Колокольный звон положил конец и кошмарной ночи, и его мыслям. Он долго слушал его, потом открыл дверь на лестницу и по льющемуся сквозь оконца свету понял, что уже утро.
Хаджи Стойо набросил на плечи шубу и медленно поднялся по лестнице. Прислушавшись, чуть приоткрыл наружную дверь. Утро было сияющим, казалось, от колокольного звона звенит сам кристально прозрачный воздух.
Во дворе под навесом стоял сторож. Хаджи Стойо не держал сторожей, но в смутные времена нанимал для охраны дома албанцев. Этого сторожа он три дня назад привез из Станимака. Албанец подошел к нему на цыпочках и таинственно произнес:
– Русские уже вошли… Вошли в город… Трое недавно стучались в ворота, но я не открыл…

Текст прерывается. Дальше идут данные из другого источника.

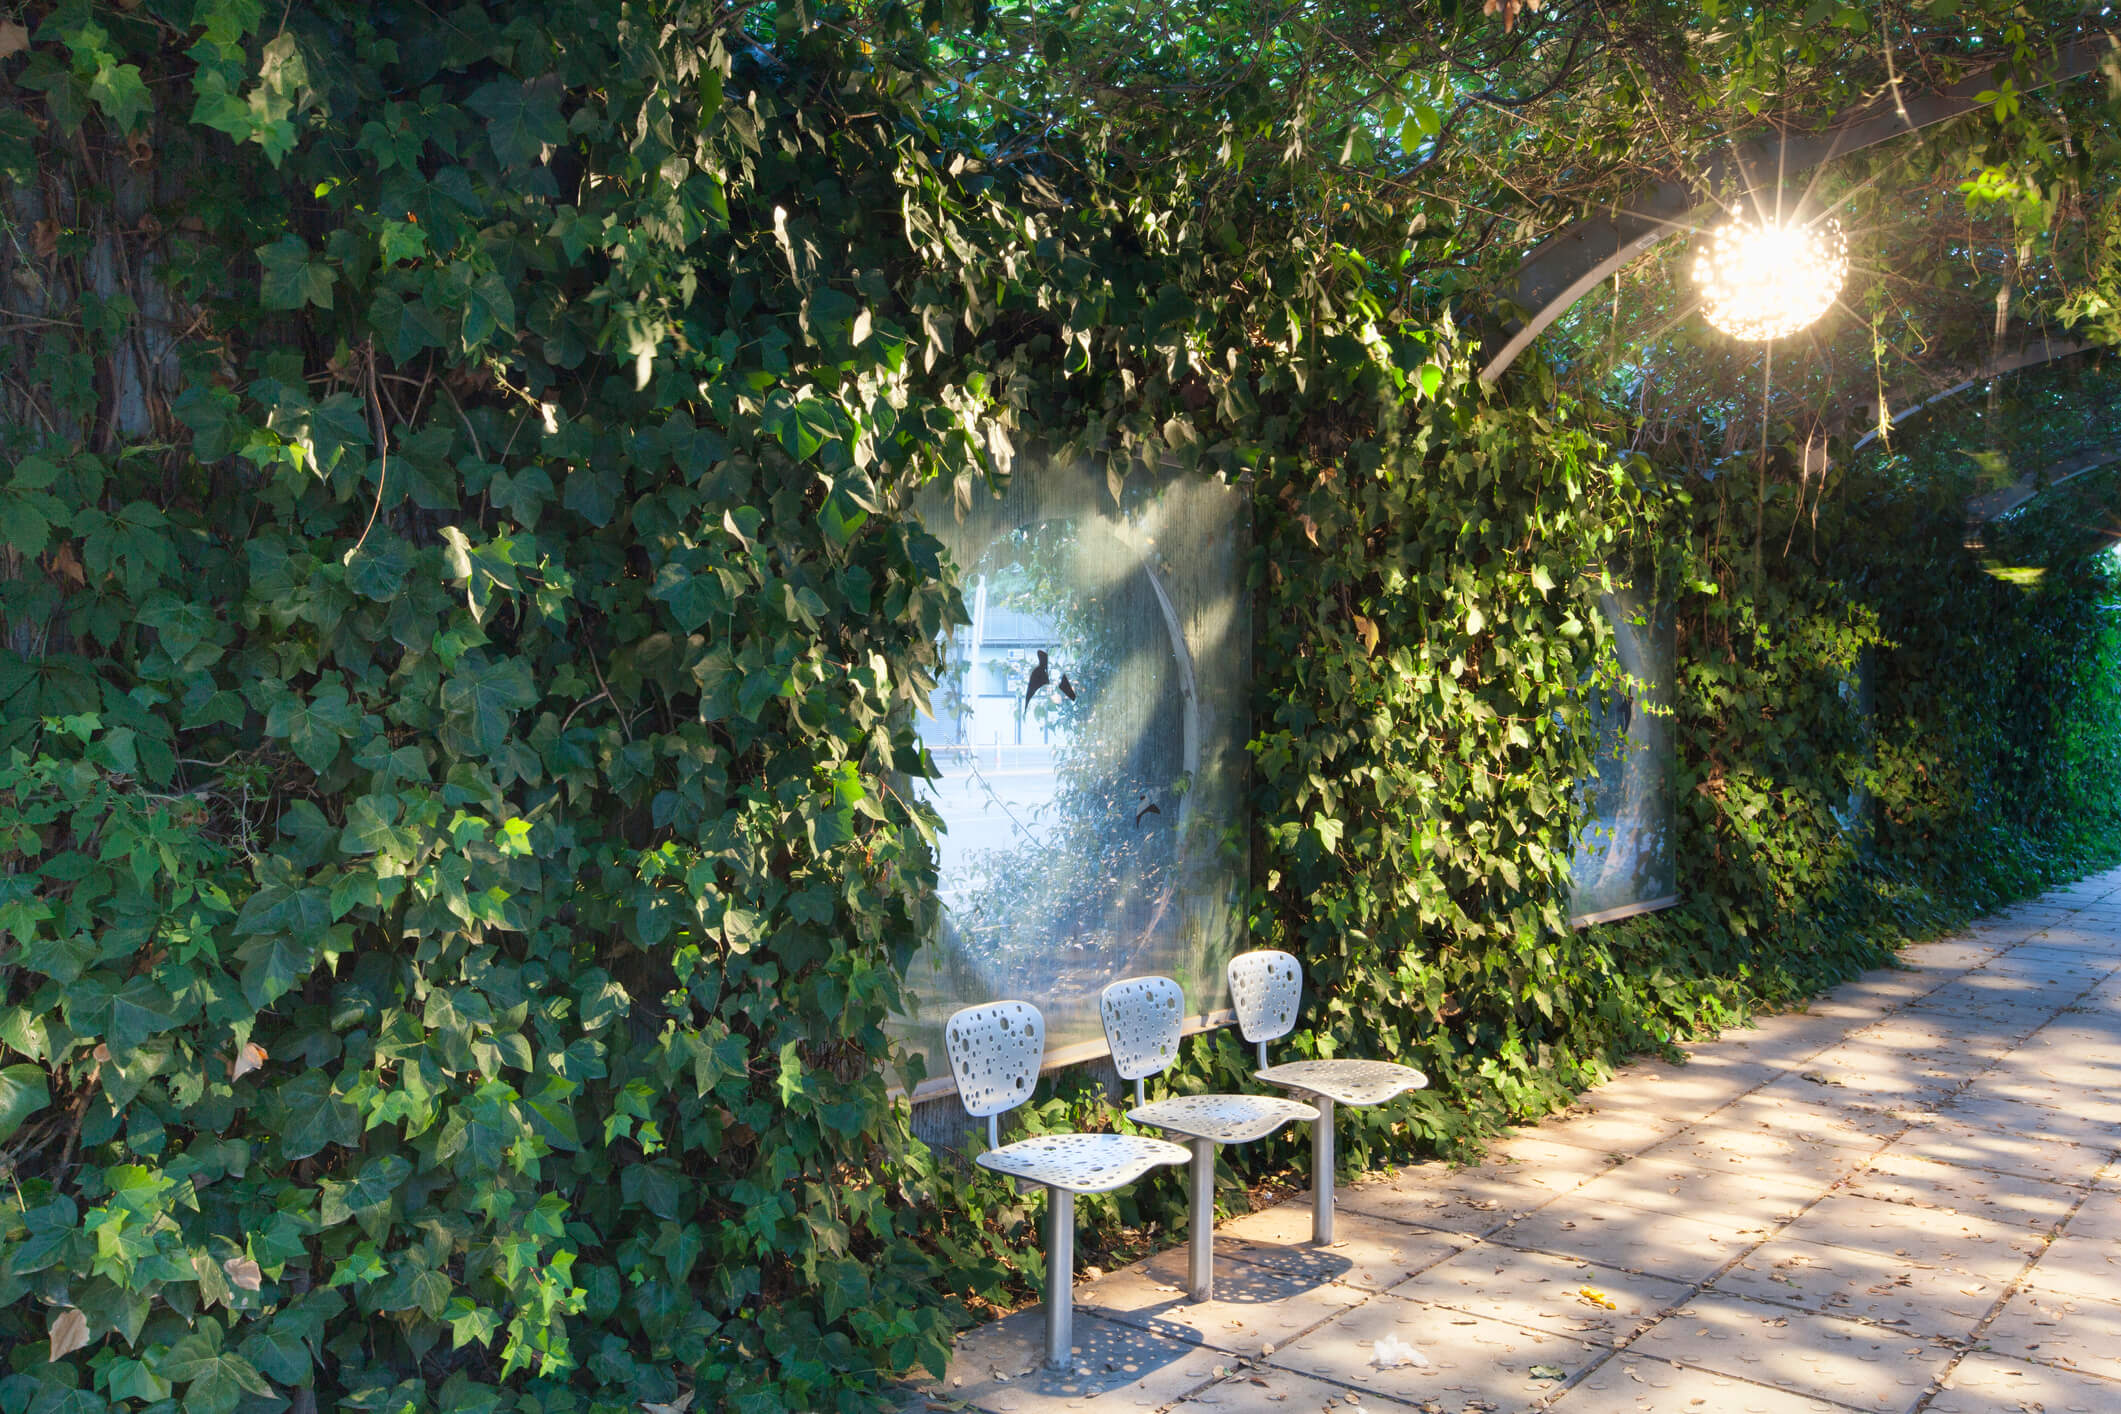 Three metal chairs sit against a wall covered in vines in Barcelona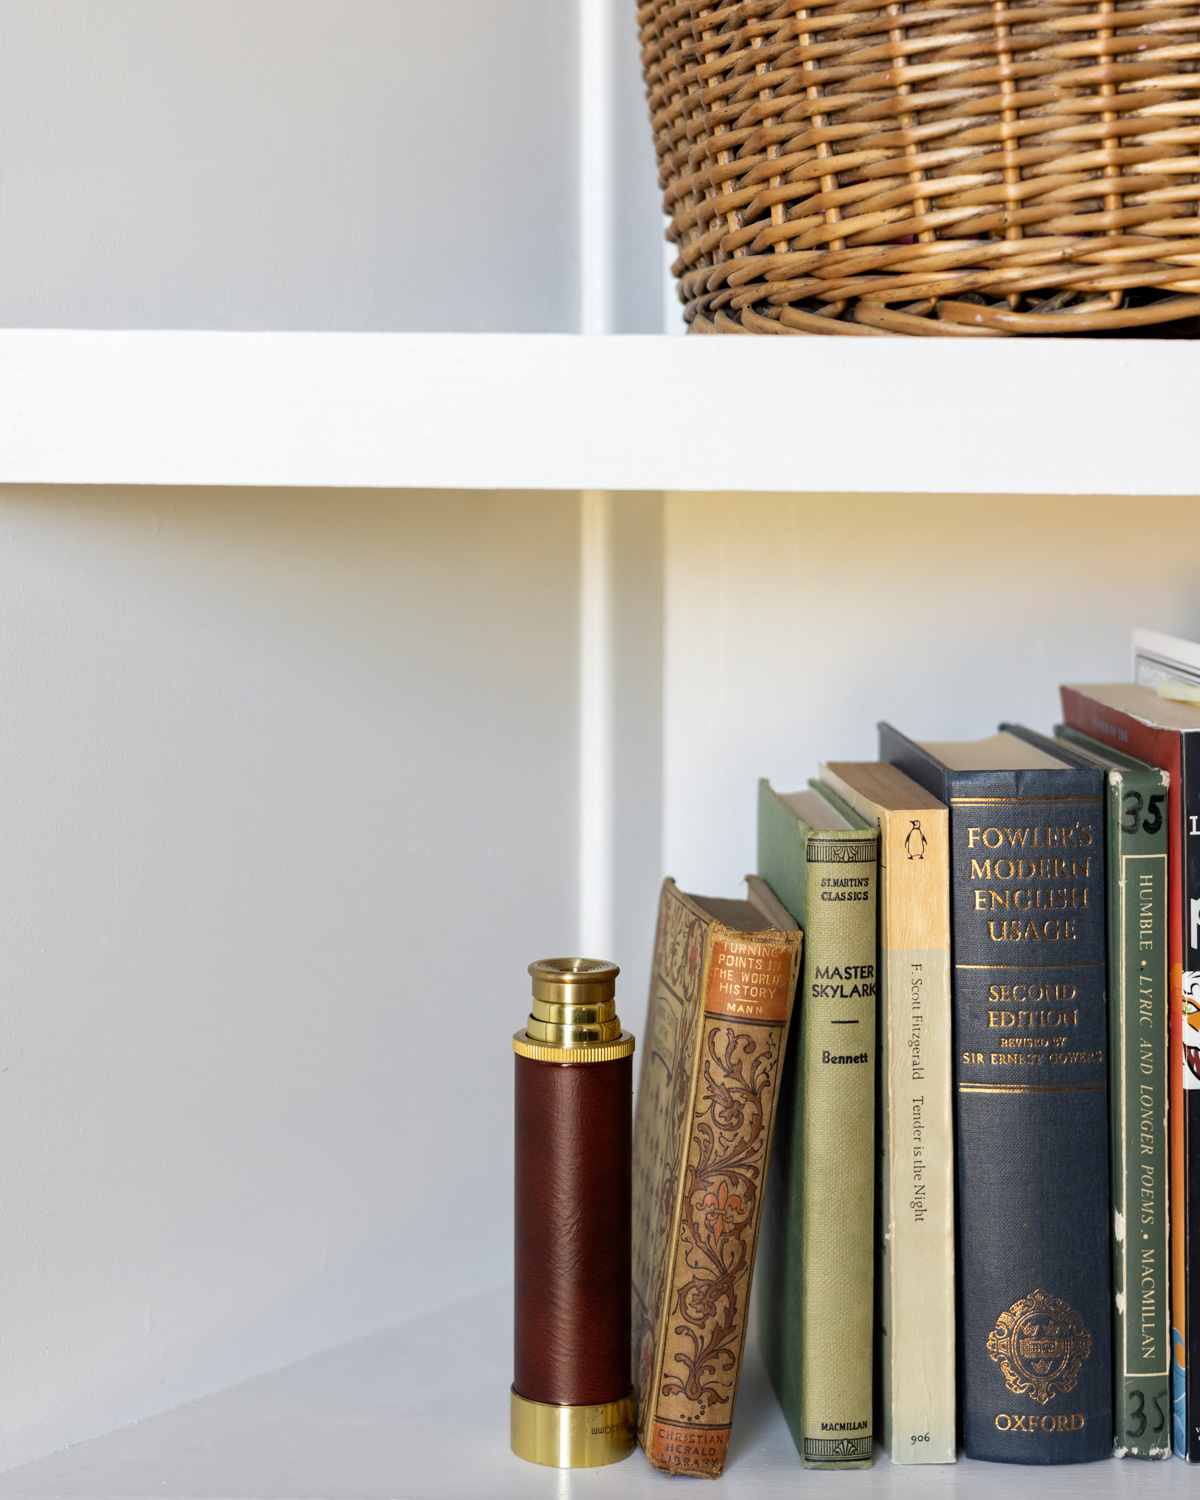 Old books on a shelf with a brass telescope and vintage basket are classic elements of the bookshelf wealth trend.

Хаджи Стойо молча одобрительно кивнул головой, закрыл дверь и снова задвинул засов.
Потом, заложив руки за спину, стал подниматься по внутренней лестнице! Миновал первый этаж. На вешалке висело забытое Павлом пальто. Хаджи Стойо его не заметил. Он шел на чердак.
Подойдя к чердачному окну, стер рукой пыль со стекла и посмотрел на улицу. Отсюда весь город был как на ладони. Пожар потух, над крышами домов одиноко торчали минареты мечетей. Солнце еще не взошло, за Марицей голубовато-серая равнина терялась вдали.
Хаджи Стойо обвел ее мутным от бессонницы взглядом. Она была все такой же, какой он ее помнил много лет. Земля всегда будет рожать зерно. И зерно всегда будет приносить деньги.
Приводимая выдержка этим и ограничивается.